1) See if your machine already has some of the problematic old databases. Run psql -l and you may see database names of the form launchpad_ftest_NUMBER, like lines 10 through 43 of https://pastebin.canonical.com/40714/ . If you don't have any, you can create some for the test using psql. "create database launchpad_ftest_30322;" will give you one to work with.

2) run test_on_merge.py, with some argument to limit the tests run. For instance, "./test_on_merge.py -t foobar" will not run any tests. There's probably a nicer way to do this, but I'm not worrying about it right now. When you do this, the first one or more lines will look like this: "Dropped old ftest database launchpad_ftest_30322. This should not happen. See bug 687951." After test_on_merge.py runs, psql -l will show you that the databases have been dropped.

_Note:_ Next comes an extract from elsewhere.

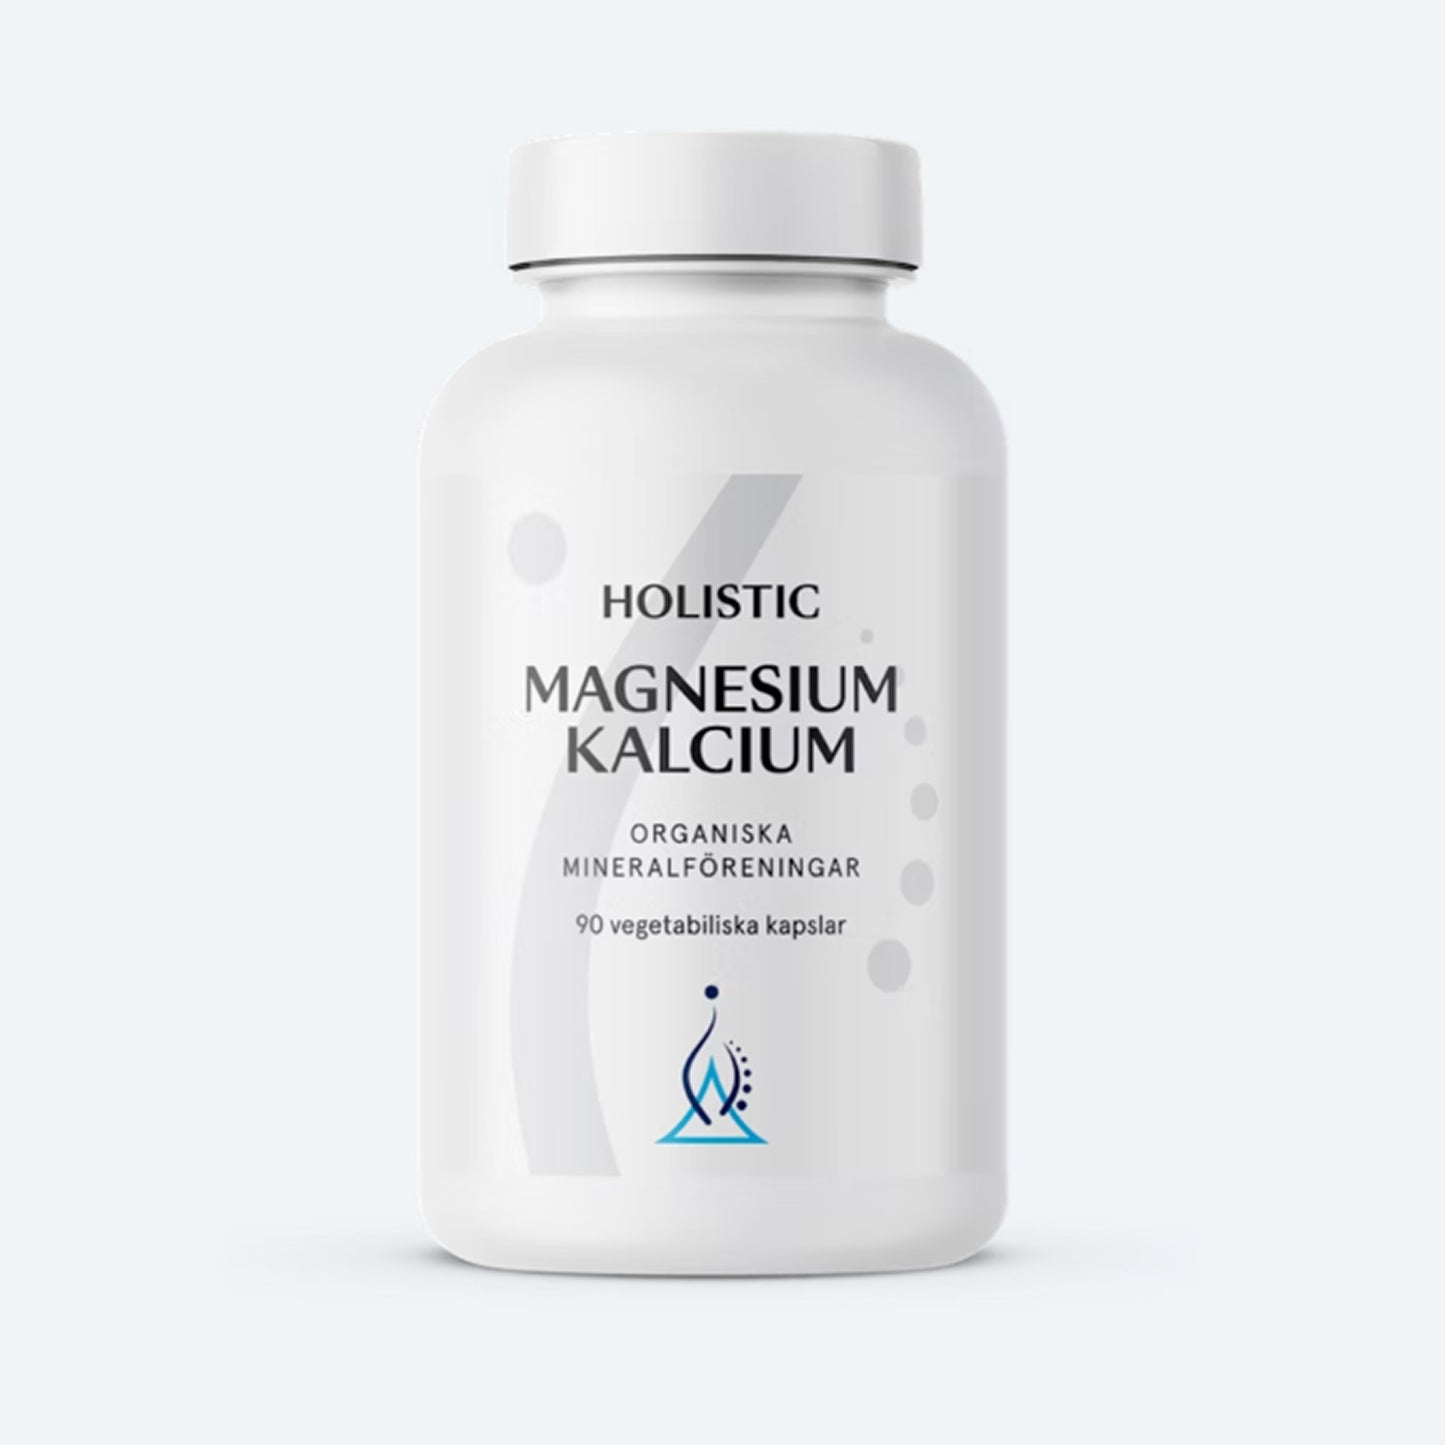 Magnesium/Kalcium
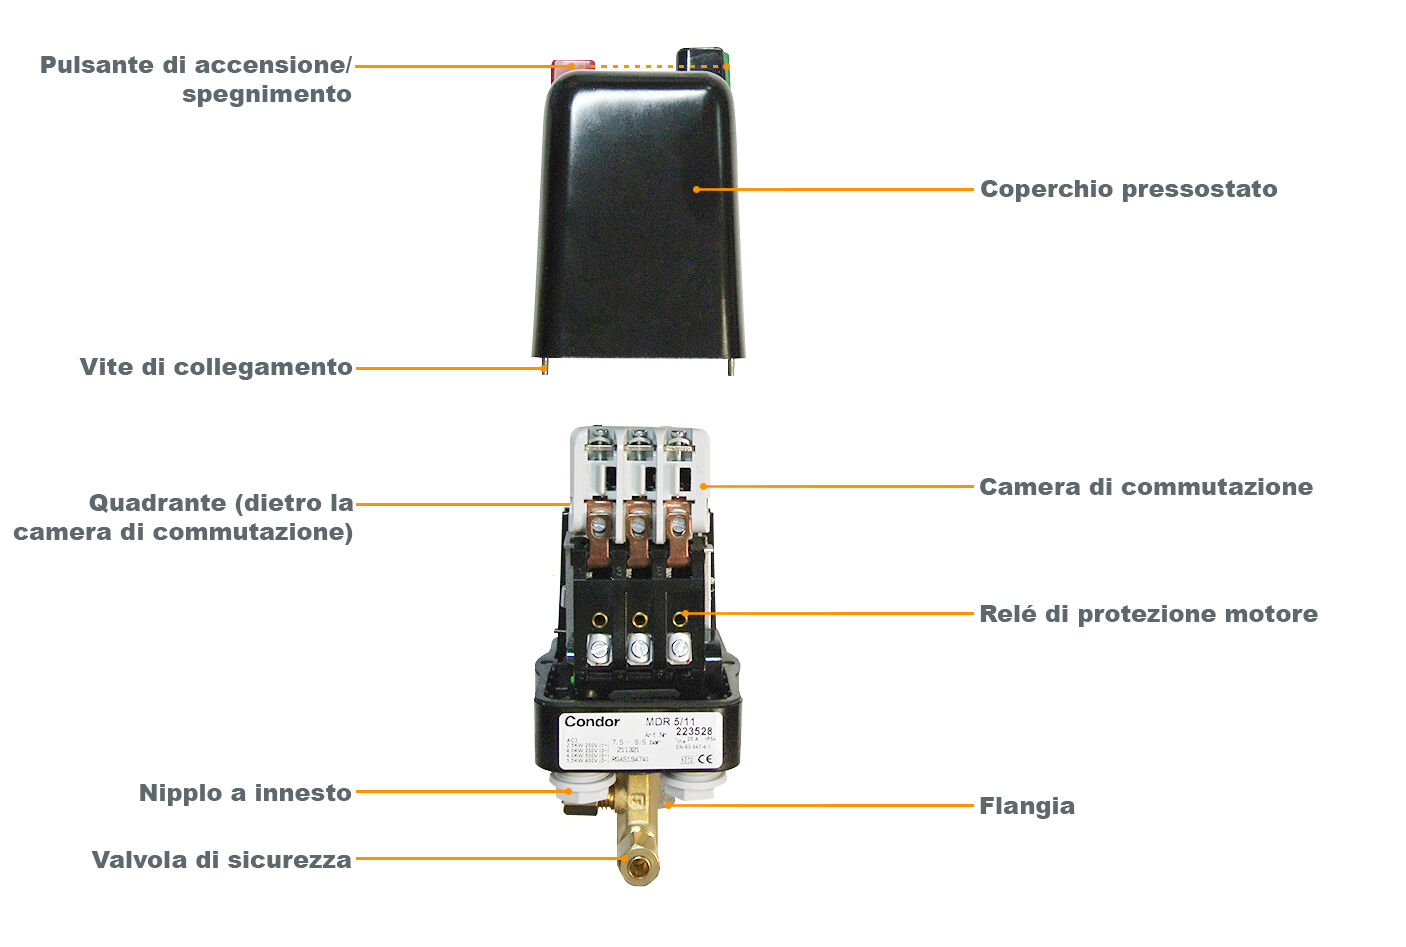 Accessori per compressori d'aria pressostato orizzontale verticale  pressostato aria interruttore automatico pompa aria regolatore compressore  d'aria - AliExpress

To post a comment you must log in.
Revision history for this message
Robert Collins (lifeless) wrote :
Download full text (3.6 KiB)

As this stands it will break parallel testing via testr :(

On 21/12/2010 12:18 PM, "Gary Poster" <email address hidden> wrote:

Gary Poster has proposed merging lp:~gary/launchpad/bug-687951 into
lp:launchpad.

Requested reviews:
 Launchpad code reviewers (launchpad-reviewers)
Related bugs:
 #687951 Large number of DBs left around after test suite runs in buildbot
 https://bugs.launchpad.net/bugs/687951

This is an expedient solution to the problem described in bug 687951--or put
another way, it is a good solution to the buildbot and operational problem,
while not addressing the underlying Launchpad problem. I will create
another bug for the Launchpad problem, which Robert addressed in the IRC
conversation I quoted in that bug's comments.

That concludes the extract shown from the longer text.